▶ EXERCISE OBJECTIVE:
Each line below that holds the string "Siswift" counts once; report the total and nothing else.

▶ MATERIAL TO PROCESS:
BEGIN

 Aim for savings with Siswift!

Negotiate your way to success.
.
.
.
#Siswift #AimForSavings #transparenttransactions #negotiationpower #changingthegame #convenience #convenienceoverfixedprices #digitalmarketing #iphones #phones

END

▶ EXERCISE ANSWER:
2